ScrapboxAutoTrans Development Diary 2022-01-19
How would you translate it?
If it's not already translated when you access it, we'll translate it.
Translate the title only
translate all first
After all, we need at least a translation of the title for the link to connect, and we need a translation of the whole thing for the search, so why not just translate the whole thing? I feel like...
I guess this is how it goes.
Partial translation
Observation.
Export in JSON
Translate all
Operate and observe for a while
Detect updates and automatically retranslate them
Partial translation
https://gyazo.com/2ebfb7ef54b85892f8c9741e74b238fd
There's an official Python library, but in the future I'll be hitting the API with TypeScript on Vercel.
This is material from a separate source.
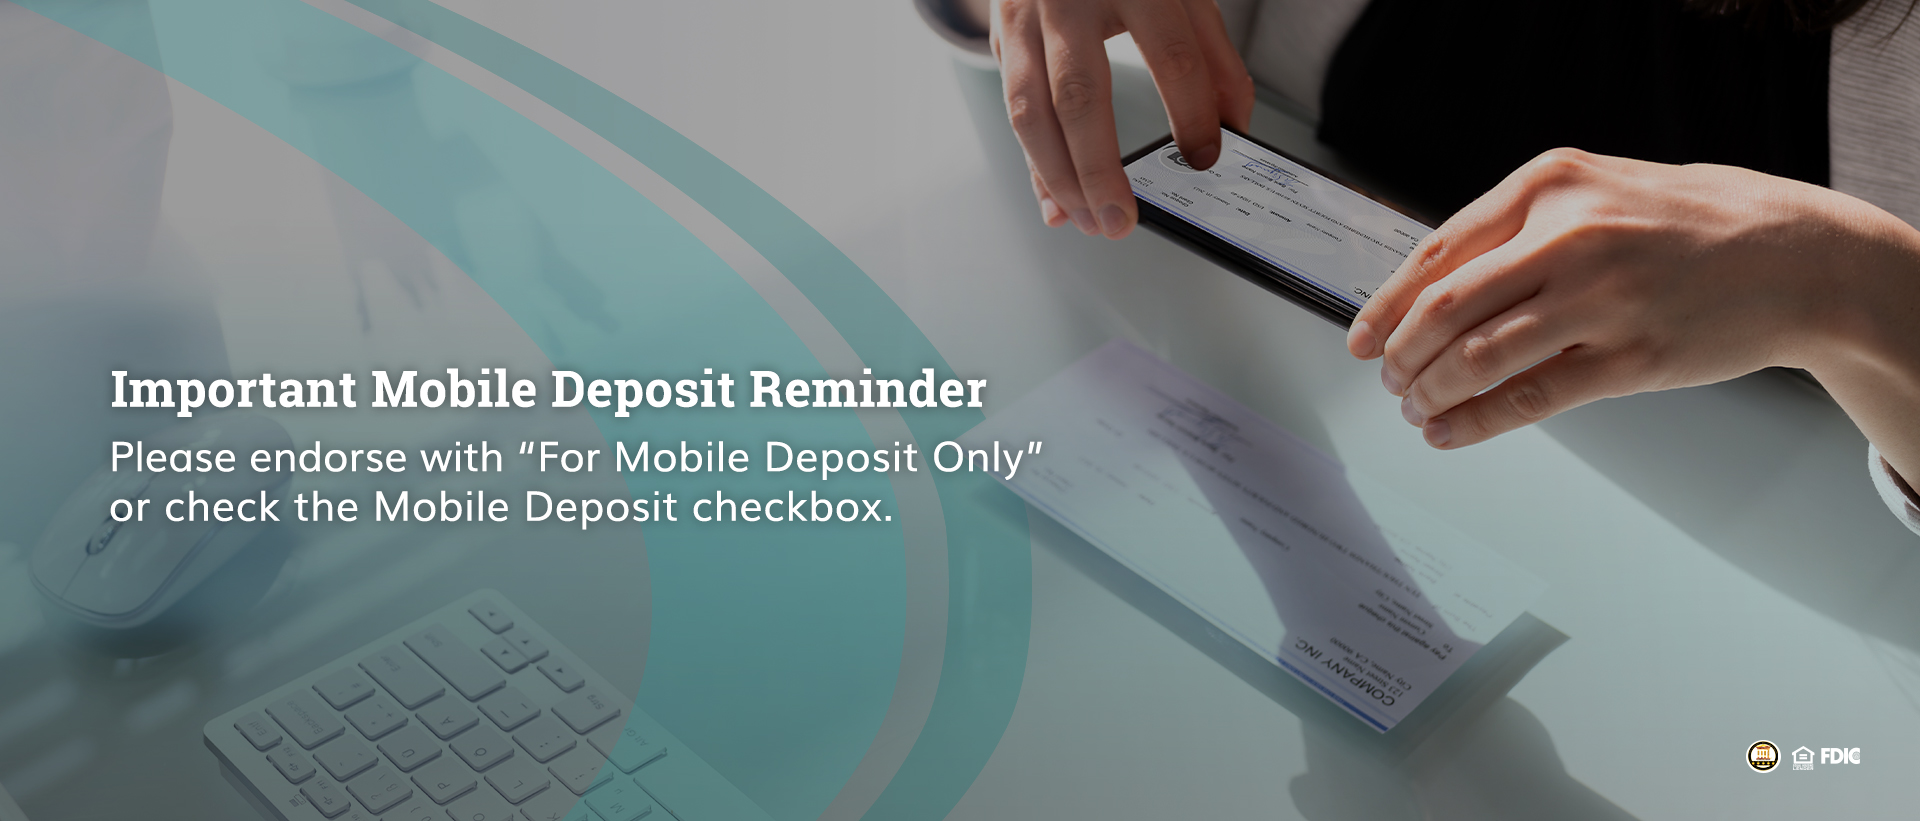 Mobile deposit reminder

I'm just going to hit them with REST anyway.
source_lang: "JA"
target_lang: "EN-US"
split_sentences Optional Sets whether the translation engine should first split the input into sentences. This is enabled by default. Possible values are:
"0" - no splitting at all, whole input is treated as one sentence
"1" (default) - splits on punctuation and on newlines
"nonewlines" - splits on punctuation only, ignoring newlines
For applications that send one sentence per text parameter, it is advisable to set split_sentences=0, in order to prevent the engine from splitting the sentence unintentionally.
Oh, I see. When I used the web interface, I thought that documents with fixed-character line breaks would not translate well unless I erased the line breaks, but I guess this is how it works.
preserve_formatting Optional Sets whether the translation engine should respect the original formatting, even if it would usually correct some aspects. Possible values are:
"0" (default)
"1"
The formatting aspects affected by this setting include:
Punctuation at the beginning and end of the sentence
Upper/lower case at the beginning of the sentence
Need to experiment to see if this affects Scrapbox translations.
glossary_id Optional Specify the glossary to use for the translation. Important: This requires the source_lang parameter to be set and the language pair of the glossary has to match the language pair of the request.
Oh, I guess I could specify the translation.
XML handling is officially supported, so if you want to translate without breaking the structure, you can convert it to XML at hand
---
It's done.
https://gyazo.com/a80b6ef2e227460f5c8d2d06bf20b7d1
code:ts
const data = {
auth_key: secret,
text: text,
source_lang: 'JA',
target_lang: 'EN-US',
}
method: 'POST',
headers: {
'Content-type': 'application/x-www-form-urlencoded;charset=UTF-8',
},
body: new URLSearchParams(data),
})
const transJson = await trans.json()
https://gyazo.com/629af2874dc7894f8c9008253c621d46
This trial and error alone consumes 1% of the free slots.
I could translate via API.
However, right now I'm translating per request, so if I publish it as is, I'll have a hard time charging for it. w
We need to create a caching mechanism.
I'm getting confused trying to figure out how to cache the translation results...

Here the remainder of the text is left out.